A la mi-temps, il n'est pas rare de voir une réunion improvisée des  supporteurs aux abords du stade, transcendés à l'unisson d'un mégaphone couvert  d'autocollants du syndicat SUD. Certains supporteurs, militants revendiqués "antifascistes", tentent de  perpétuer "l'identité" du Red  Star . Reggae en fond sonore, spliffs (joints) en  guise de cigarettes, ils font résonner Bauer aux cris de "banlieue rouge !". Pourtant, quand on demande à Pierre si le Red  Star  est toujours le club de  la banlieue rouge, il répond: "Si seulement elle existait encore...".  Jean-Pierre, fan depuis les années 1960, alors que le club était encore en  division 1, a mesuré l'évolution du club depuis près de 50 ans: "J'ai vu la  banlieue rouge, aujourd'hui ça n'a plus rien à voir". Car le club, fondé en 1897 par Jules Rimet, créateur de la Coupe du Monde  et anglophile (d'où le nom Red  Star , "Etoile Rouge"), nourrit des ambitions:  regagner l'élite du foot français. Une voie de développement qui, forcément, ne  plaît pas à tout le monde.

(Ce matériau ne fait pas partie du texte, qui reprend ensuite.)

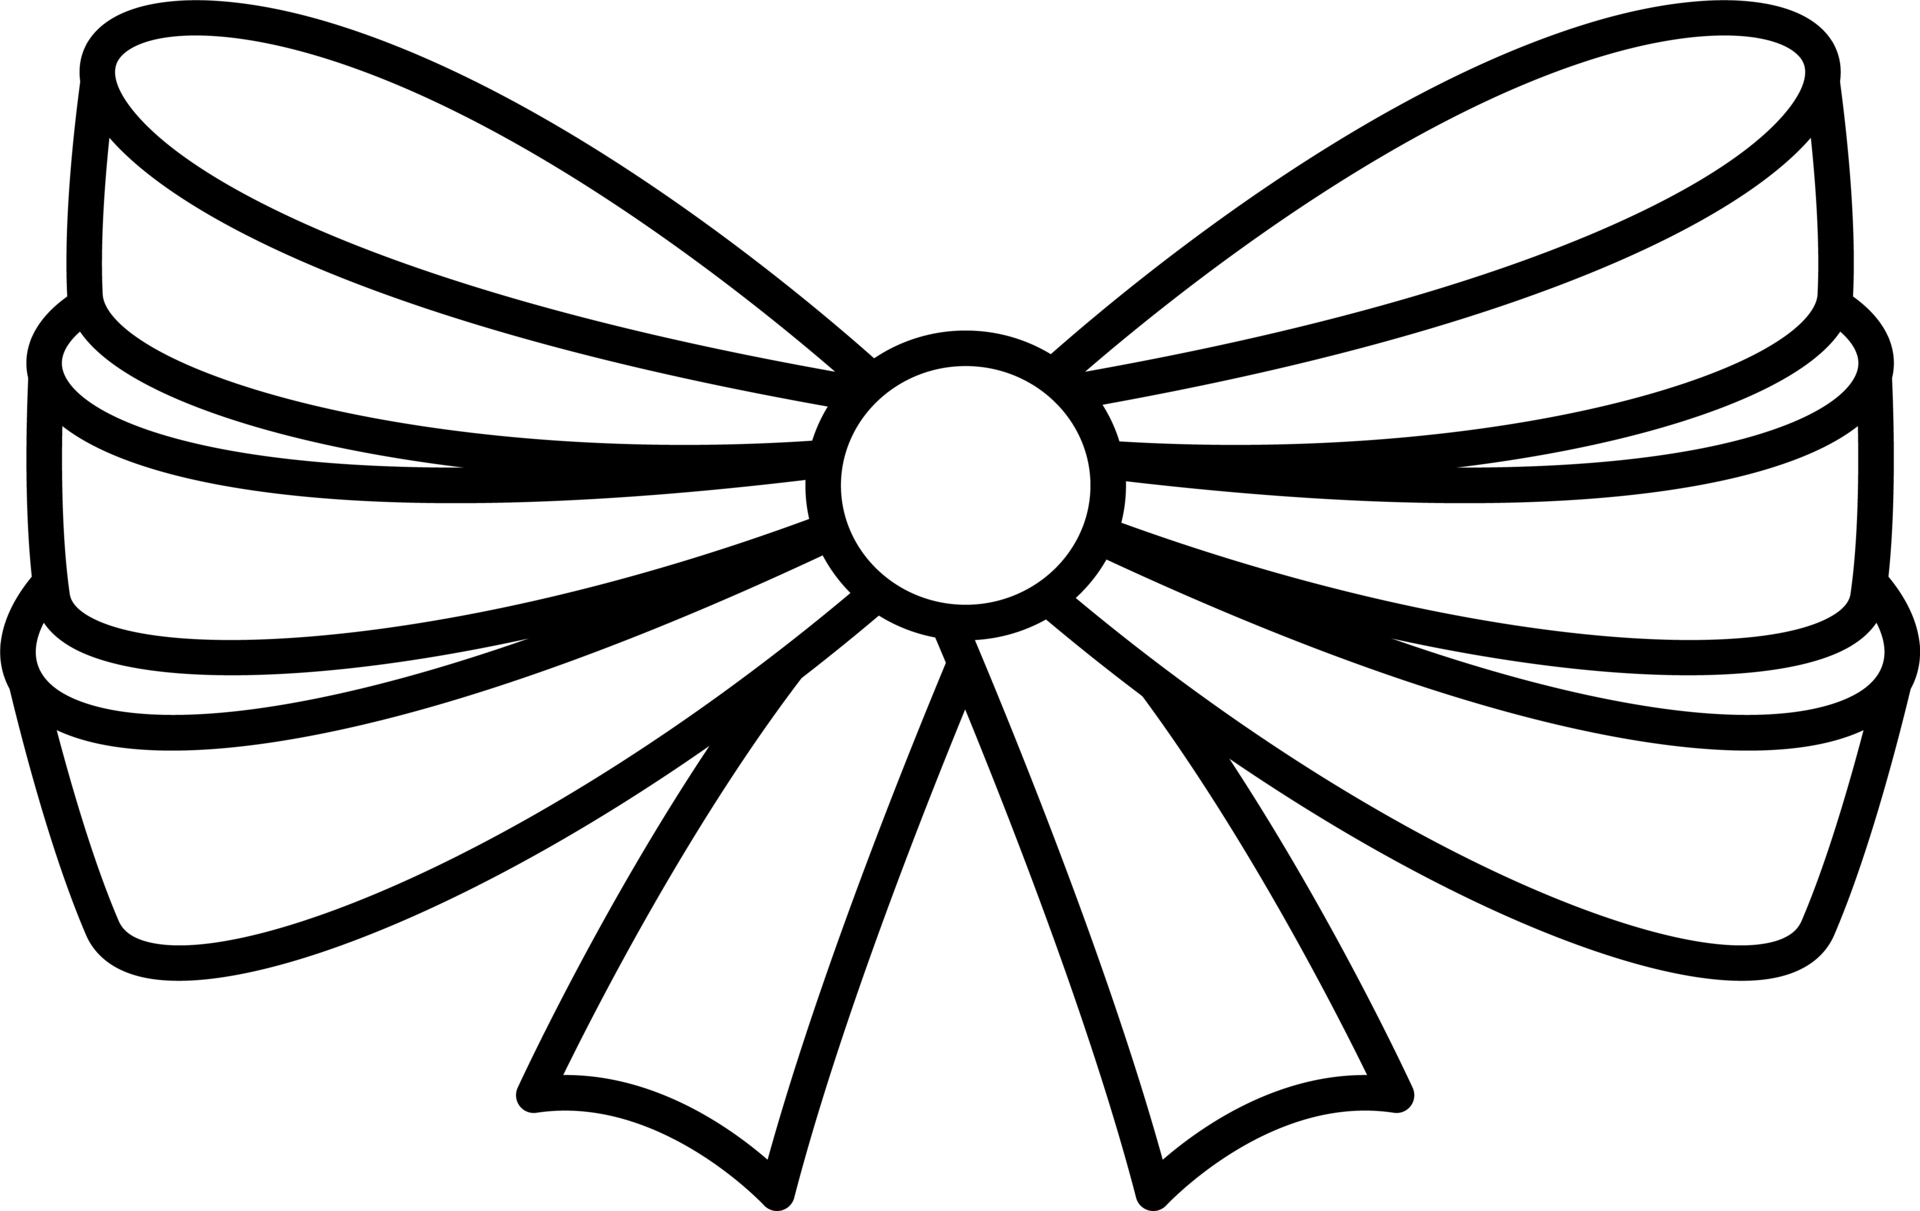 Black Ribbon bow on transparent background PNG.png - Similar PNG

"Le Red Star, c'est Bauer"

Le sujet de la discorde se nomme Bauer. Un stade à l'anglaise, encore  modestement appelé stade municipal sur les panneaux de signalisation, où il y a  peu "on pouvait taper la discute avec le gardien de but", tant les tribunes  sont proches du terrain. Le 30 janvier, pour Red  Star  face à Colomiers, 13e du championnat, 2.000  supporteurs se sont pressés dans cette enceinte, en dépit de la vétusté et de  la non-homologation de deux tribunes sur trois. Celle qui reste est si  inconfortable qu'elle force d'ailleurs rapidement à se lever. Avec la montée, le club ambitionne la construction d'un nouveau stade. Ce  dont ne veulent pas entendre parler les supporteurs: "Le Red  Star  c'est Bauer,  pas ailleurs !". Mais Bauer n'est pas aux normes pour l'affiche face aux "Verts", 4e de la  L1, et mardi, pour la Coupe de France, une épreuve que le Red  Star  a gagnée  cinq fois, les fans seront obligés d'aller à Jean-Bouin, habituelle enceinte  des rugbymen du Stade Français. Un comble.